Introduction: Hyperparathyroidism-Jaw Tumour syndrome is a rare autosomal dominant disorder involving parathyroid tumors, ossifying jaw fibromas, renal abnormalities, and uterine hyperplasia or neoplasia. This condition is linked to inactivating mutations in the CDC73 gene, which encodes Parafibromin, a protein with anti-proliferative functions. Patients often present with hyperparathyroidism symptoms like hypercalcemia, as well as jaw tumors.

Case History: A 38-year-old man was referred to his GP for depression. Routine blood tests showed hypercalcemia (corrected Ca 3.21 mmol/l), high parathyroid hormone (PTH) at 38.1 pmol/l, low phosphate (0.62 mmol/l), and low vitamin D (26.2 nmol/l). He had a history of parathyroidectomy age 13, of a 2 cm left parathyroid adenoma. Genetic testing at that time ruled out MEN1, His father had undergone parathyroidectomy at 27 for nodular hyperplasia. The patient was admitted, treated with IV fluids and cinacalcet.
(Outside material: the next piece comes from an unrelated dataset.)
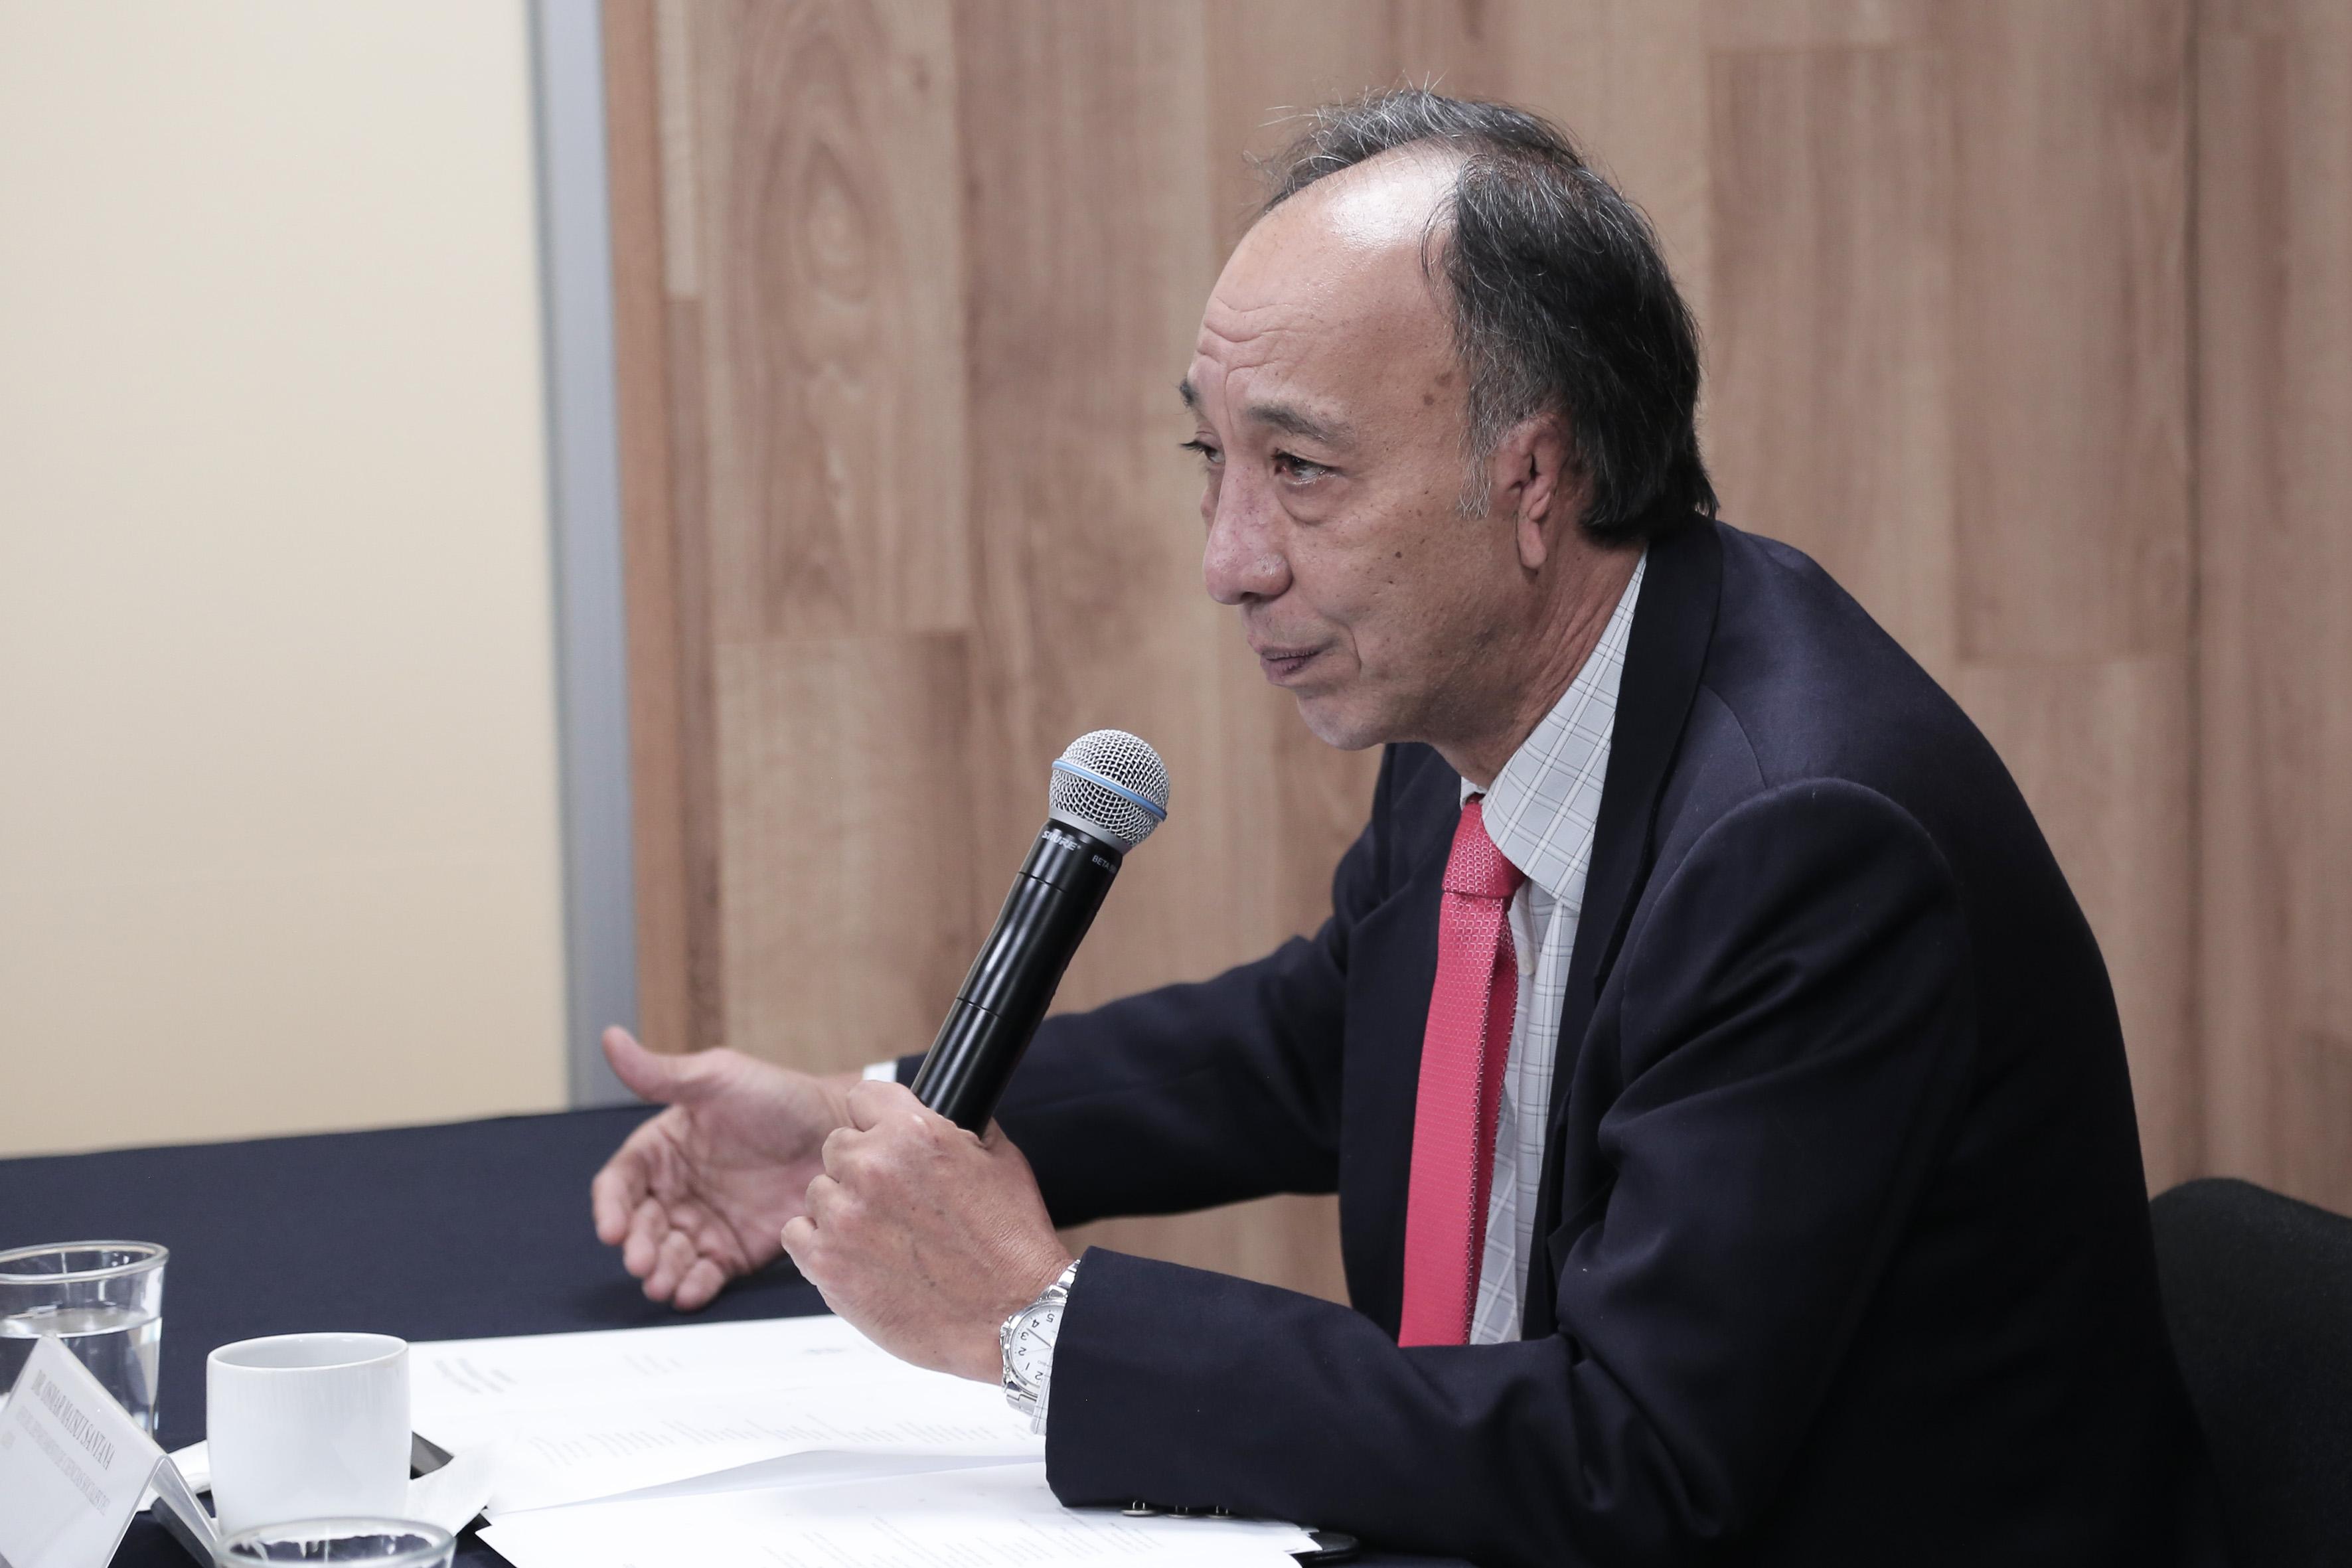 Dr. Osmar Matsui al micrófono

Ultrasound showed a 14x12x16mm hypoechoic nodule by the right thyroid gland, later confirmed on Parathyroid MIBI. Post-parathyroidectomy, PTH and calcium levels normalized. Histology confirmed an adenoma and residual scar tissue. Genetic testing diagnosed HPT-JT syndrome.
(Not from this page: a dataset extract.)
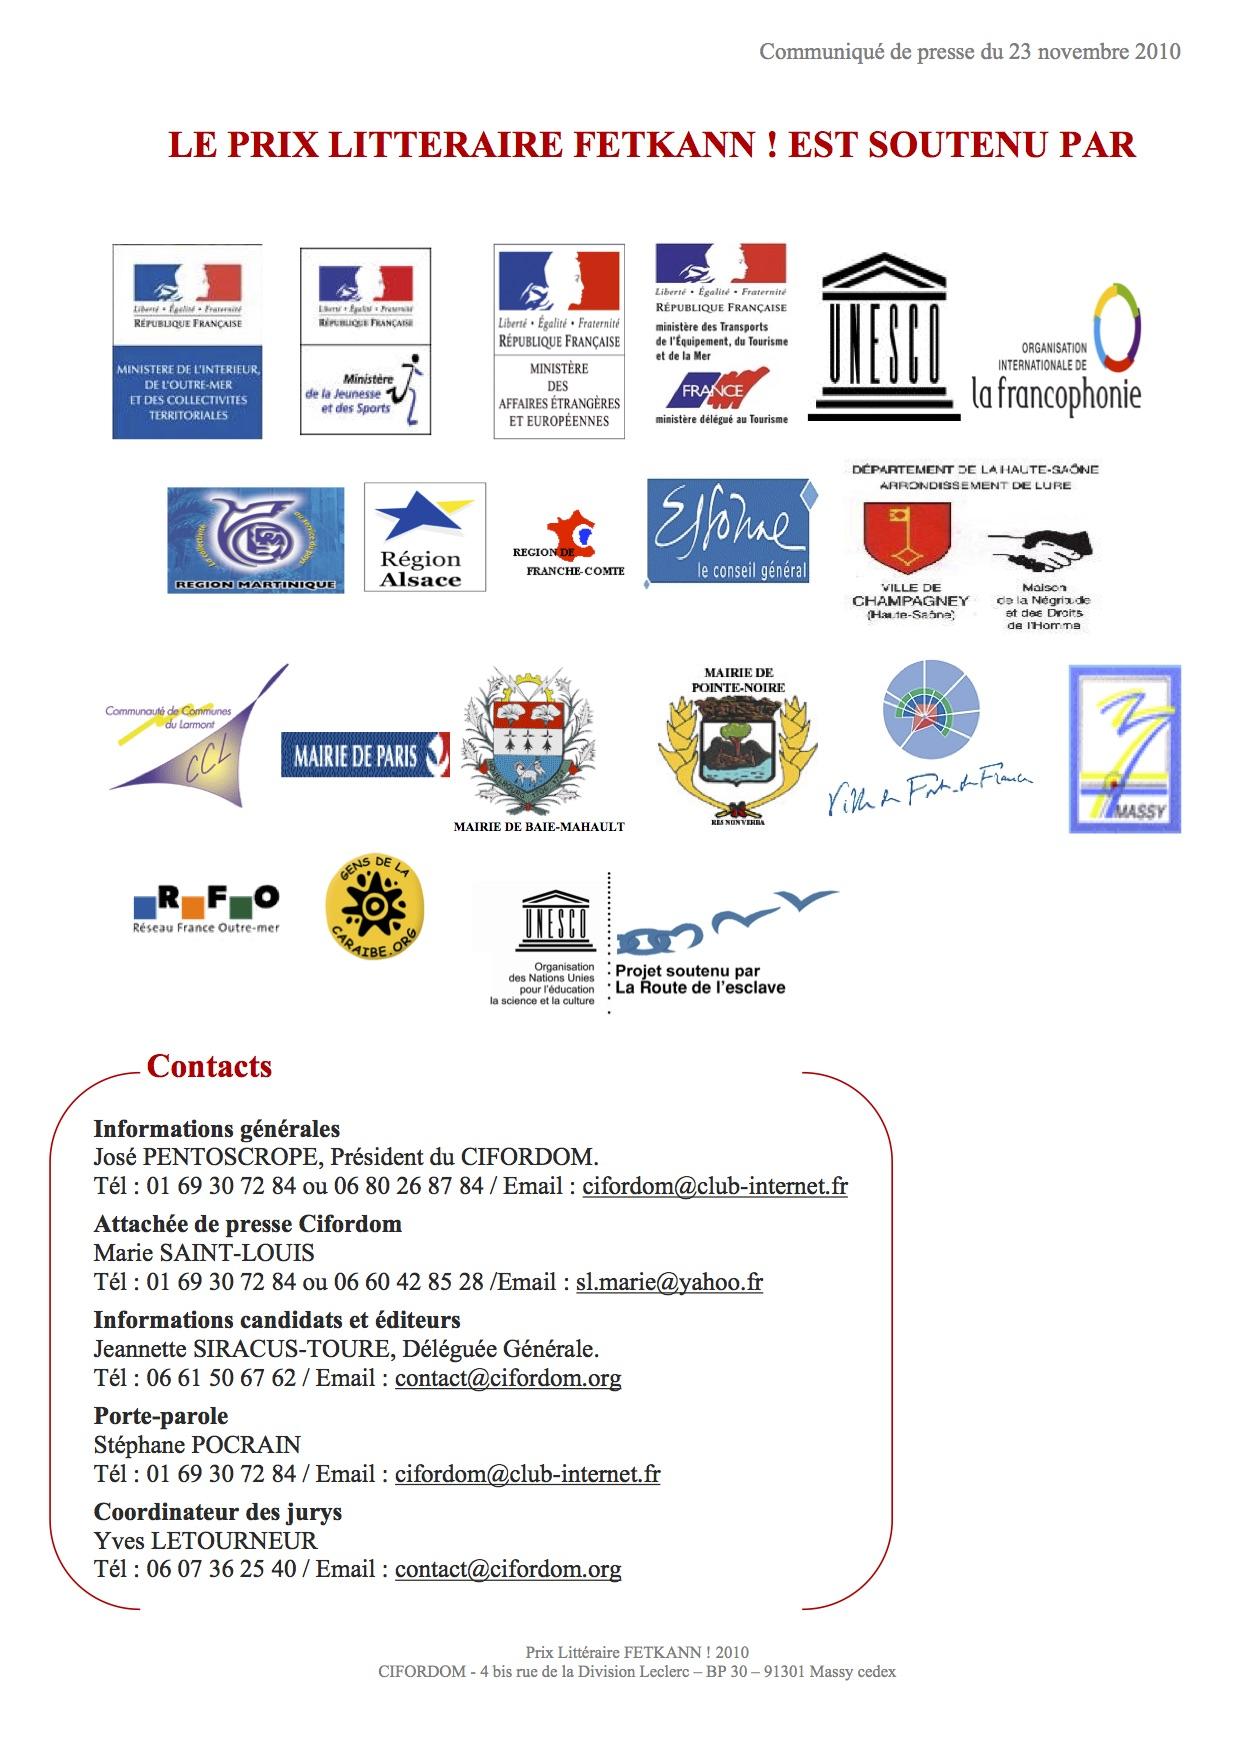 Communique_PRIX_FETKANN_2010_LES_PRESSENTIS-2

Discussion: In familial primary hyperparathyroidism (PHPT), it is essential to recognize the genetic variants implicated in its pathogenesis, including those in the CDC73, CDKN1B, GCM2, MEN1, RET, and CASR genes. Current guidelines recommend genetic testing for familial PHPT in individuals under 50, those with significant family history, or cases involving parathyroid carcinoma. Overlapping indications for testing include neonatal hyperparathyroidism and features of multiple endocrine neoplasia, emphasizing the need for a thorough evaluation in suspected cases. This case identified the need to retest those with likely familial PHPT diagnosis despite previously negative genetics given the evolution of genetic testing. This enables appropriate holistic follow-up to be established.